The “Girl” staring into the broken clock on the fireplace.

This episode is in the second series (well, the latest second series) where David Tennant plays “The Doctor”, and he is accompanied by “Rose” played by Billie Piper, and her boyfriend Micky.

This particular episode sticks with me mainly because of the sweet, heart-wrenching plot, ( the episode was nominated for a Nebula Award[3] and won the 2007 Hugo Award for Best Dramatic Presentation, Short Form) , and the story line’s accuracy to the real events surrounding the incredible Madame De Pompadour’s life.

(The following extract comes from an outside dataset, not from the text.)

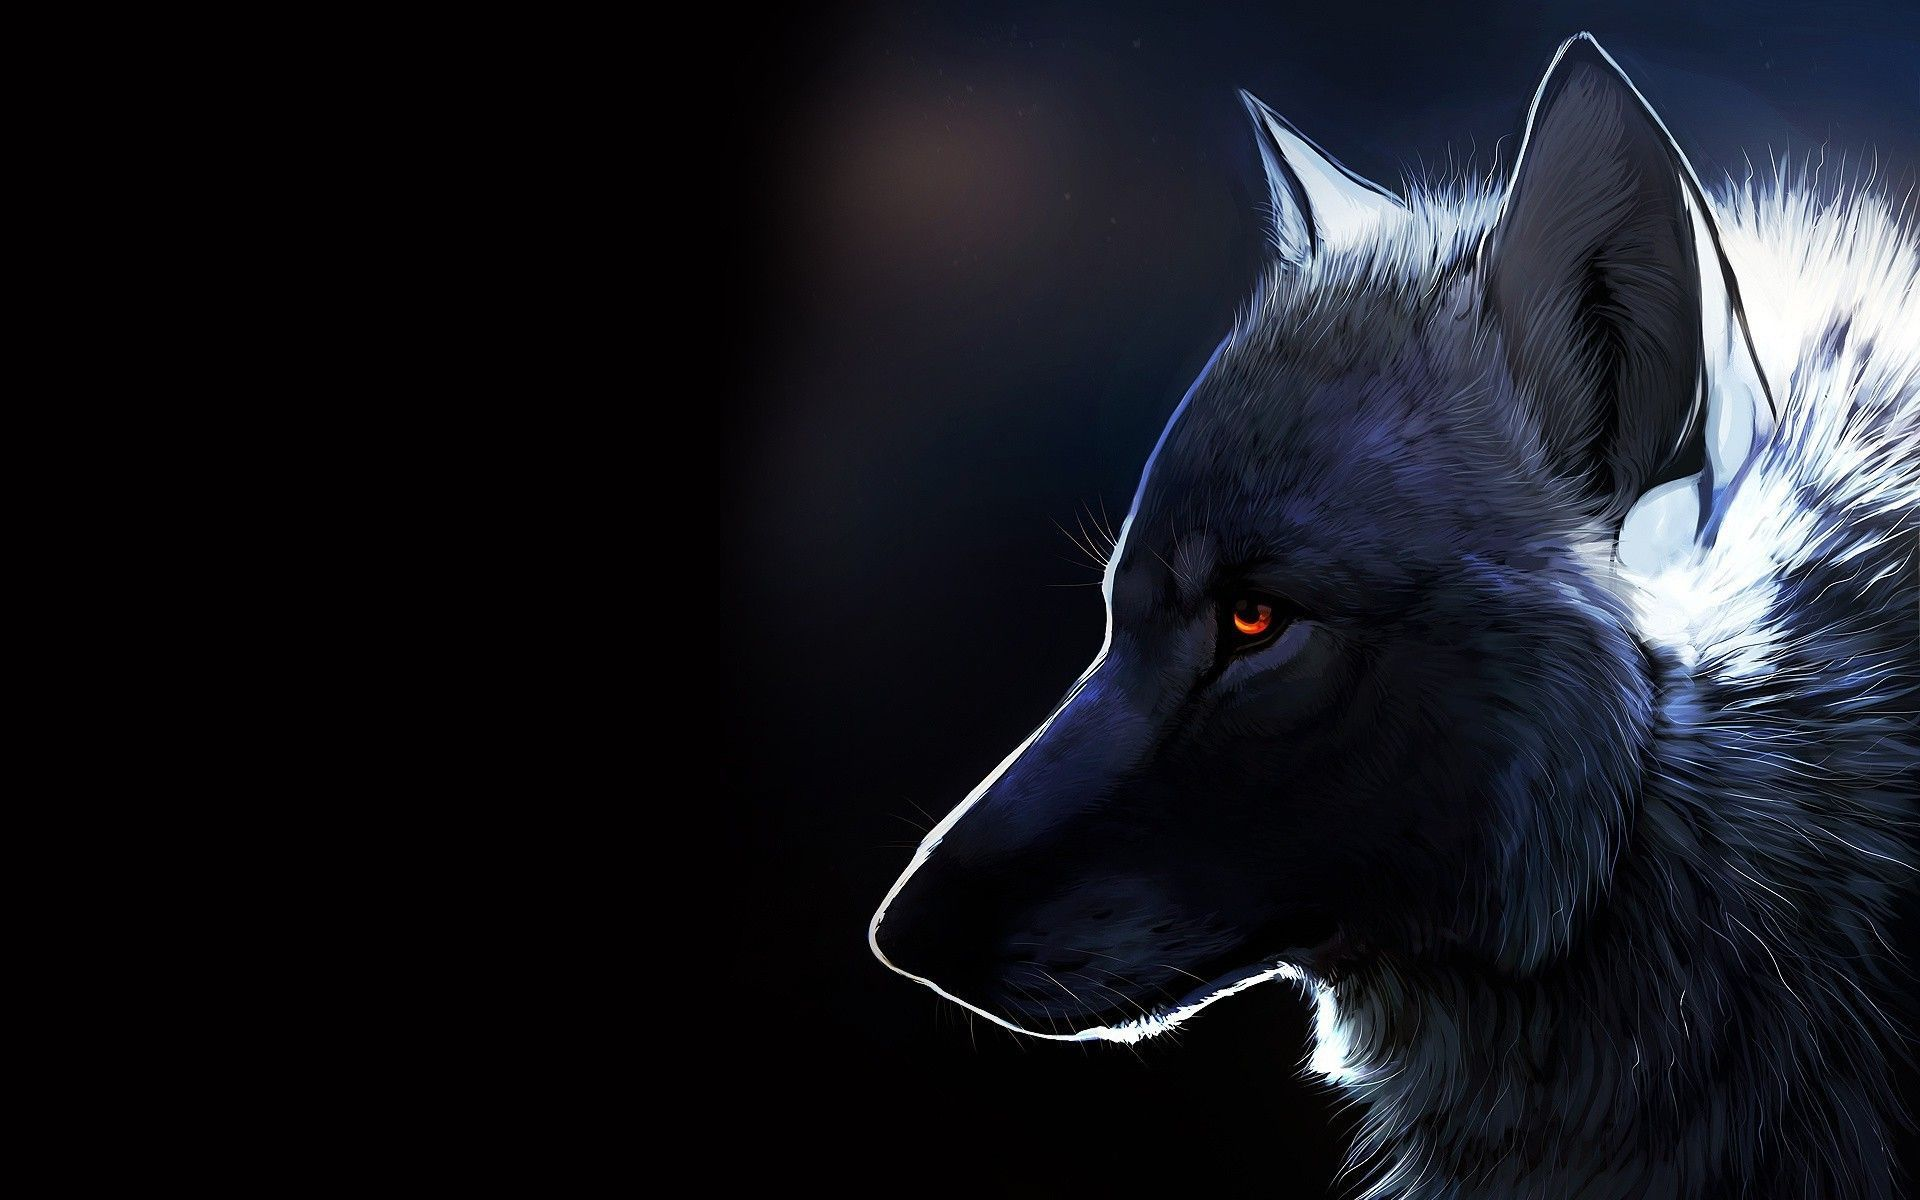 Hình ảnh HD 1920x1200 Wolf Wallpaper.  Một hình nền HD.  chó sói

The real Madame De Pompadour

Here’s a synapsis of the storyline: The T.A.R.D.I.S., (the Doctor’s Spaceship) arrives in a seemingly abandoned space station floating in outerspace. The travelers curiously find an 18th century French fireplace on board. Looking through the fireplace, the Doctor sees a young girl. He asks who she is, and she replies that her name is Reinette, and that she lives in Paris in the year 1727 (a young Madame de Pompadour). The fireplace turns out to be a “time window”, allowing direct access Reinette’s bedroom. The Doctor discovers that each time he passes through the fireplace, months have passed here, rather than mere seconds in the Doctor’s time on the spaceship.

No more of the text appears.